>>>
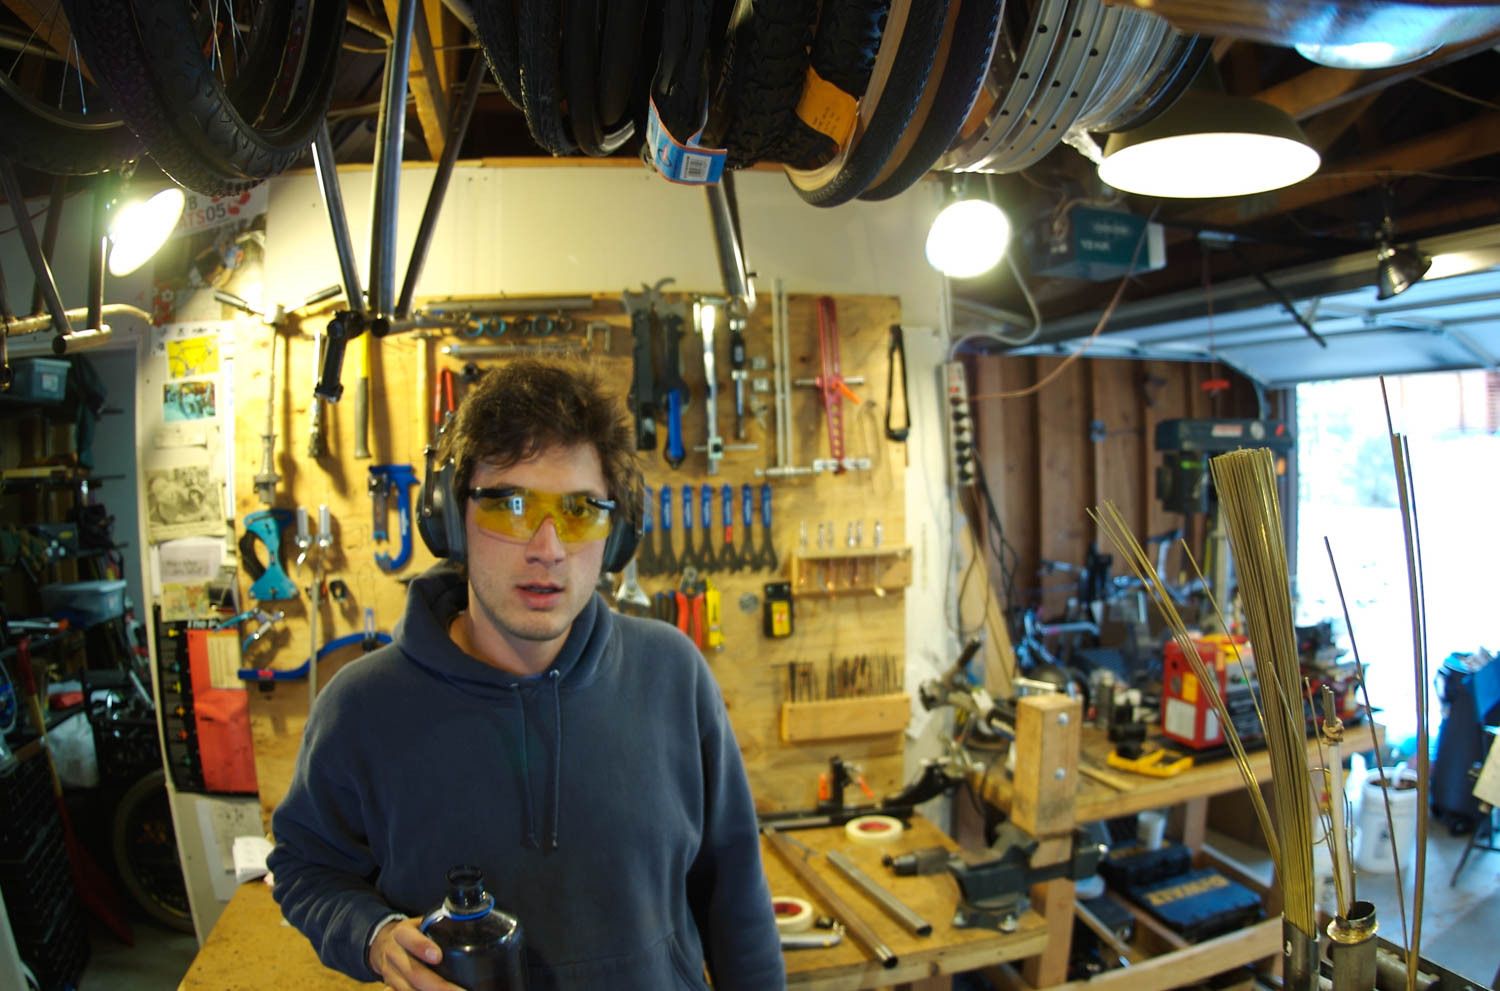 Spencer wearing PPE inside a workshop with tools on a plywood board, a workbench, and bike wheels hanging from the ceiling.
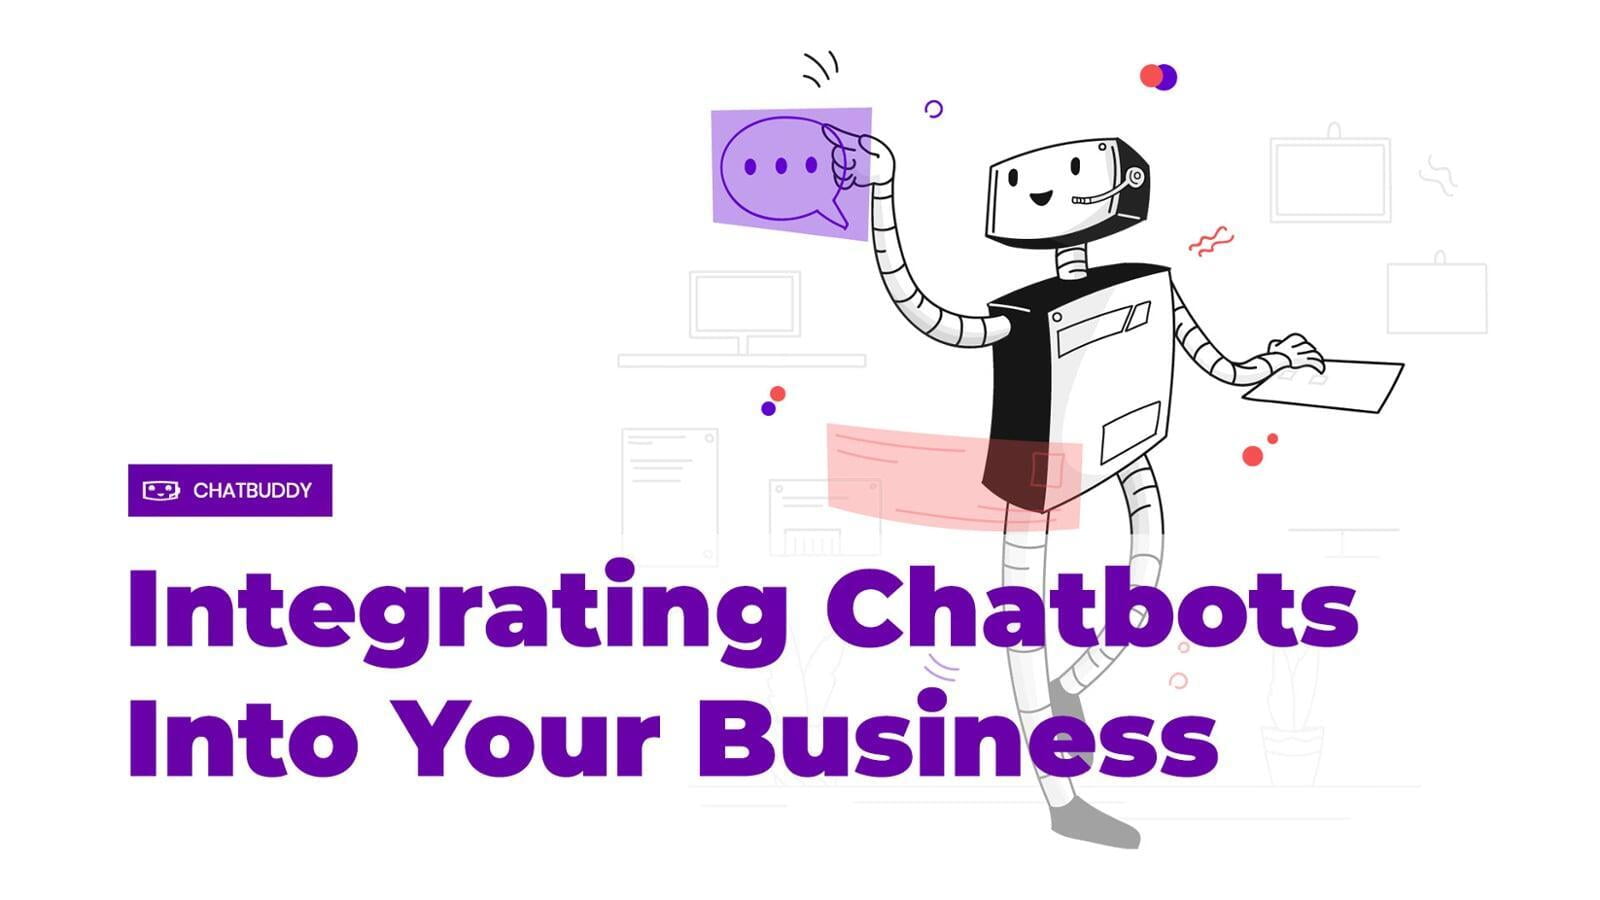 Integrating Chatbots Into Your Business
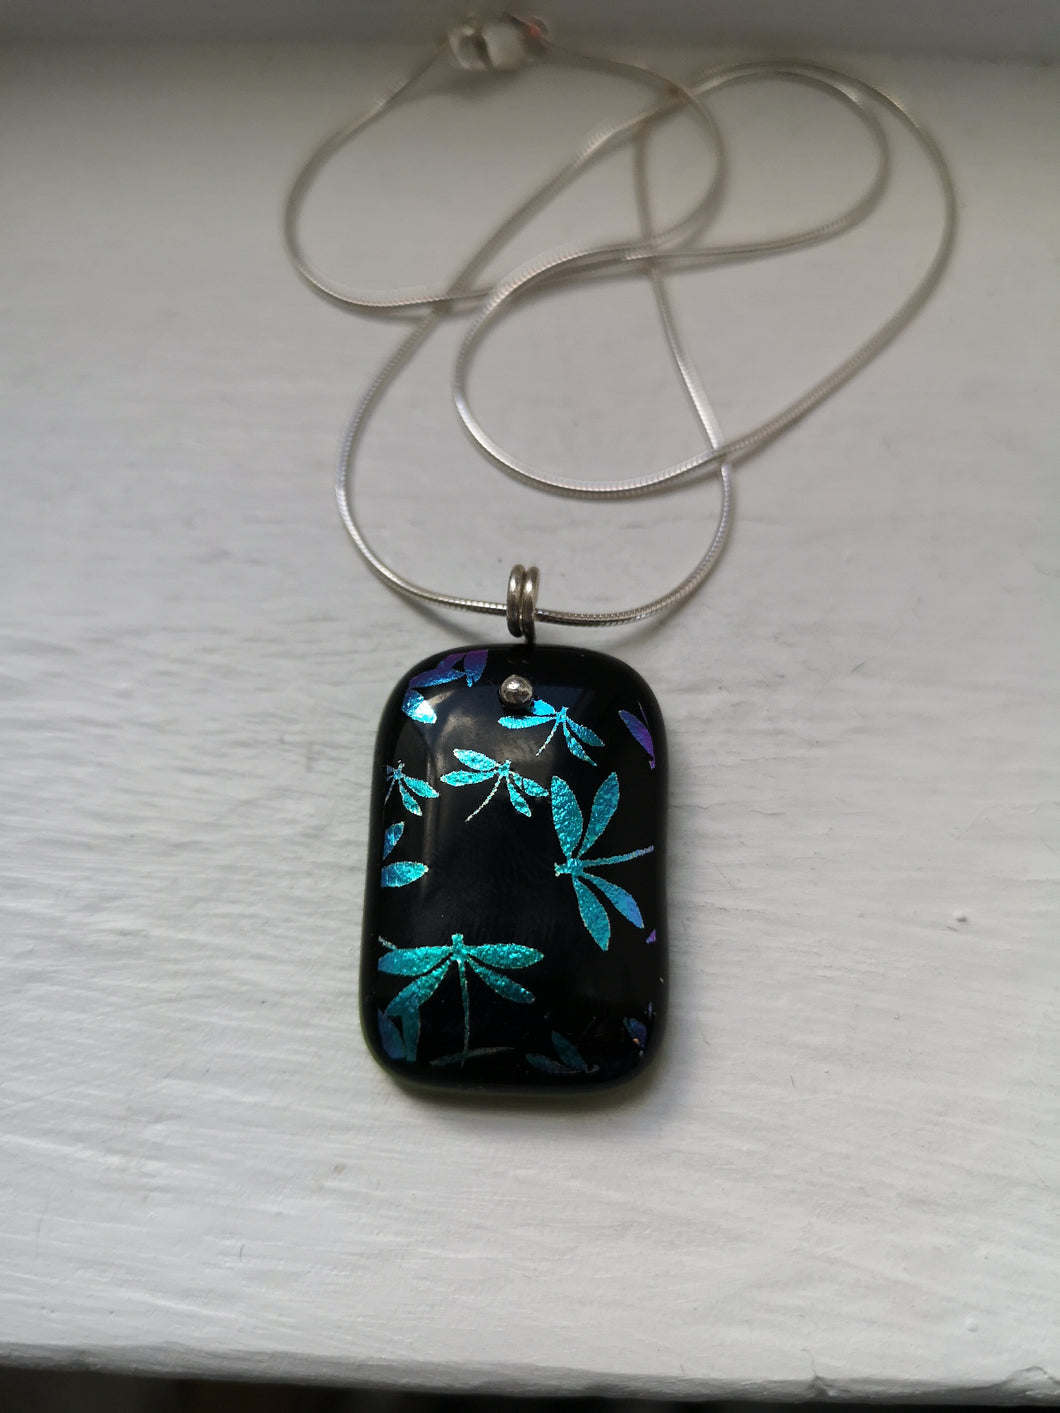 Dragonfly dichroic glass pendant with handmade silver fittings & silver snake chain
<<<
■ WORK TO COMPLETE: Every line from the one holding "Integrating Chatbots Into Your Business" through the final line of the data above is to be reproduced exactly, both ends included, with the pictures left out.

■ RESPONSE:
 Integrating Chatbots Into Your Business
 Dragonfly dichroic glass pendant with handmade silver fittings & silver snake chain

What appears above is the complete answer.